Activity
Where the line with "The Prince of" appears below, start writing out lines exactly, and finish with the line with "Brasserie Colette Konstanz", which is included; write out nothing else.

Data for this exercise
--
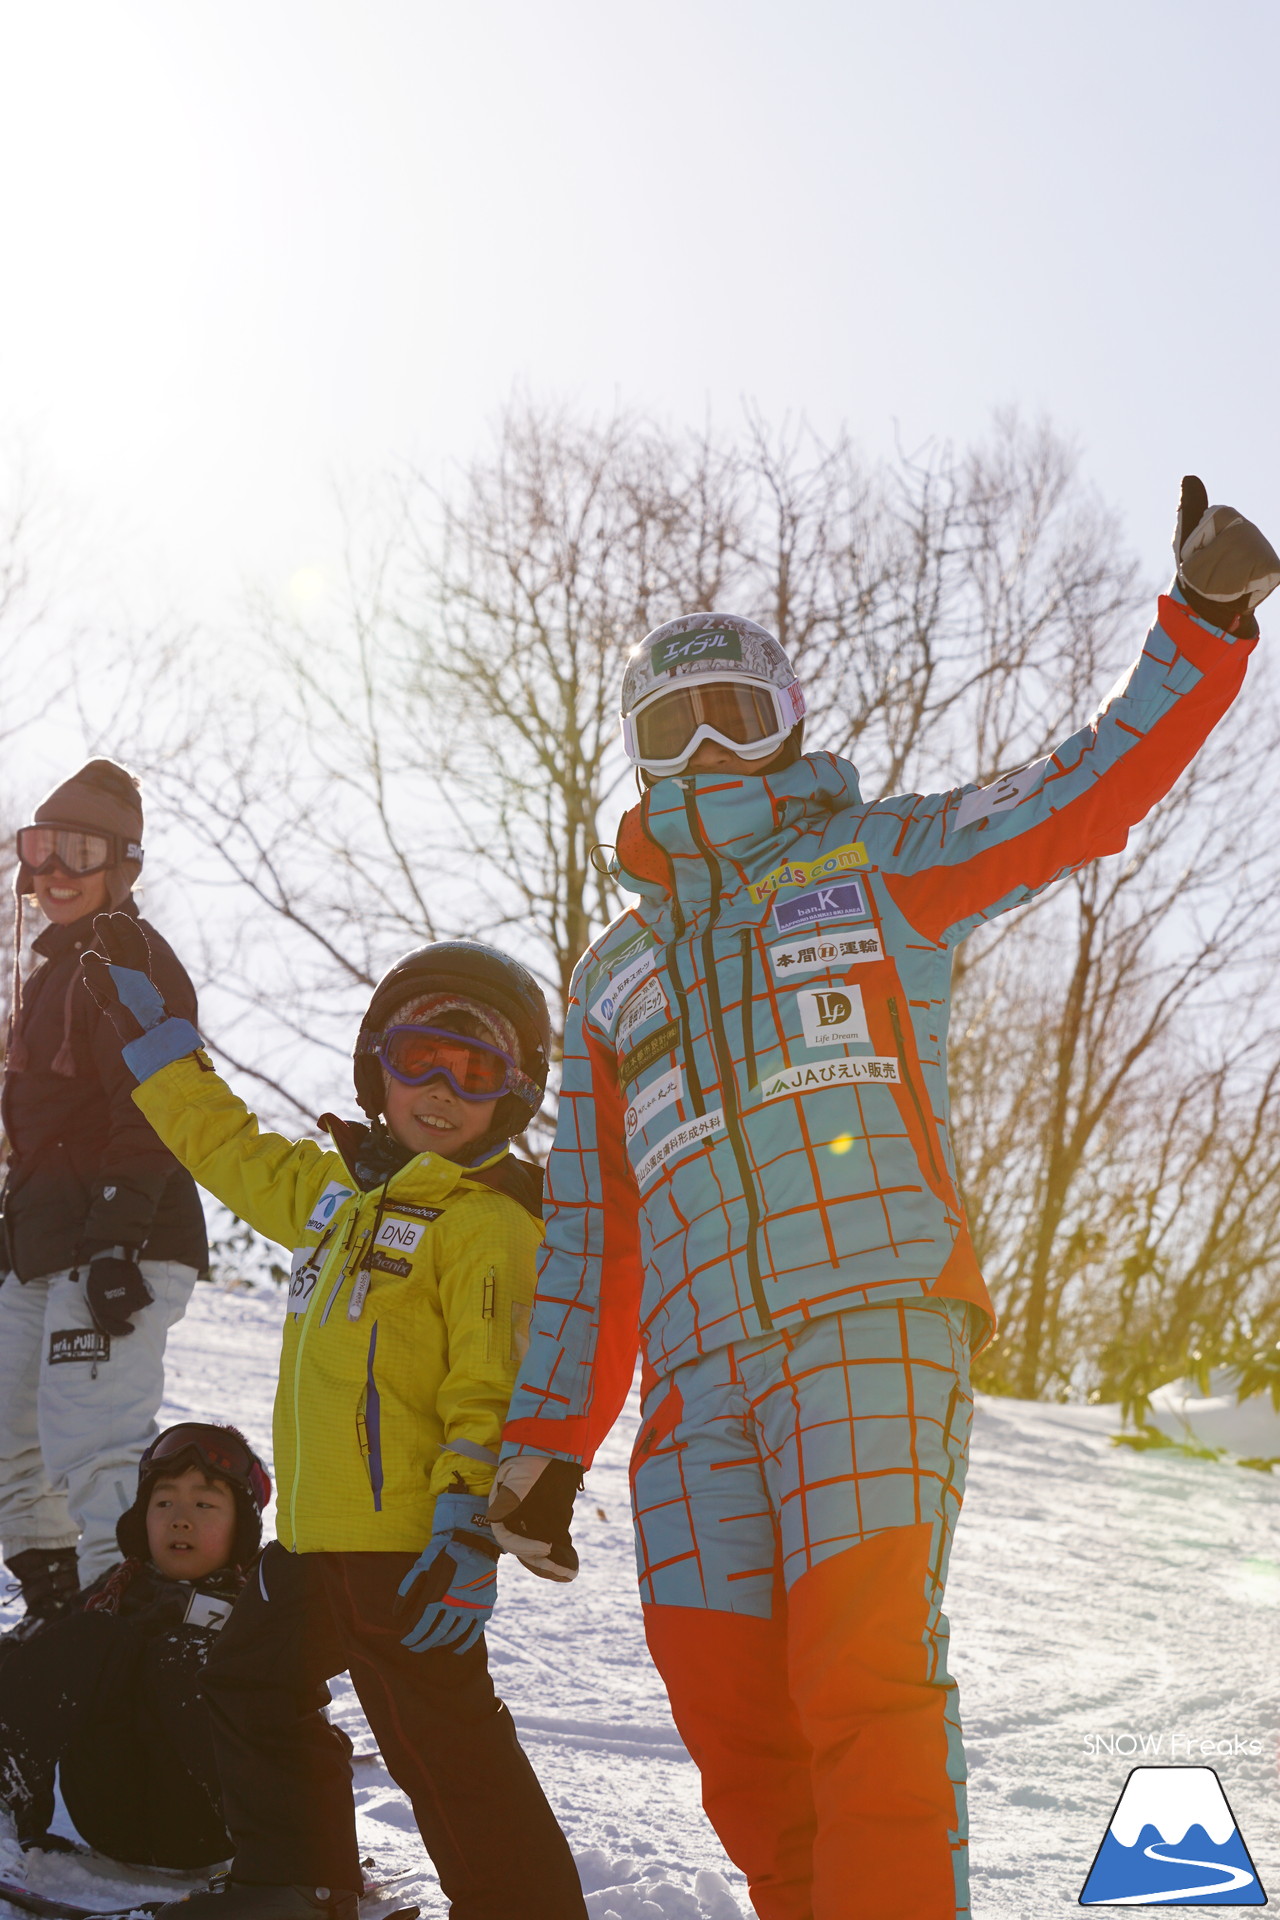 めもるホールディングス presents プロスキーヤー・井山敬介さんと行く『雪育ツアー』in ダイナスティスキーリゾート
--
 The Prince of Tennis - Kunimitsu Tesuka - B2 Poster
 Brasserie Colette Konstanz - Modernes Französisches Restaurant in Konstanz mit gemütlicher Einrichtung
--
Output
 The Prince of Tennis - Kunimitsu Tesuka - B2 Poster
 Brasserie Colette Konstanz - Modernes Französisches Restaurant in Konstanz mit gemütlicher Einrichtung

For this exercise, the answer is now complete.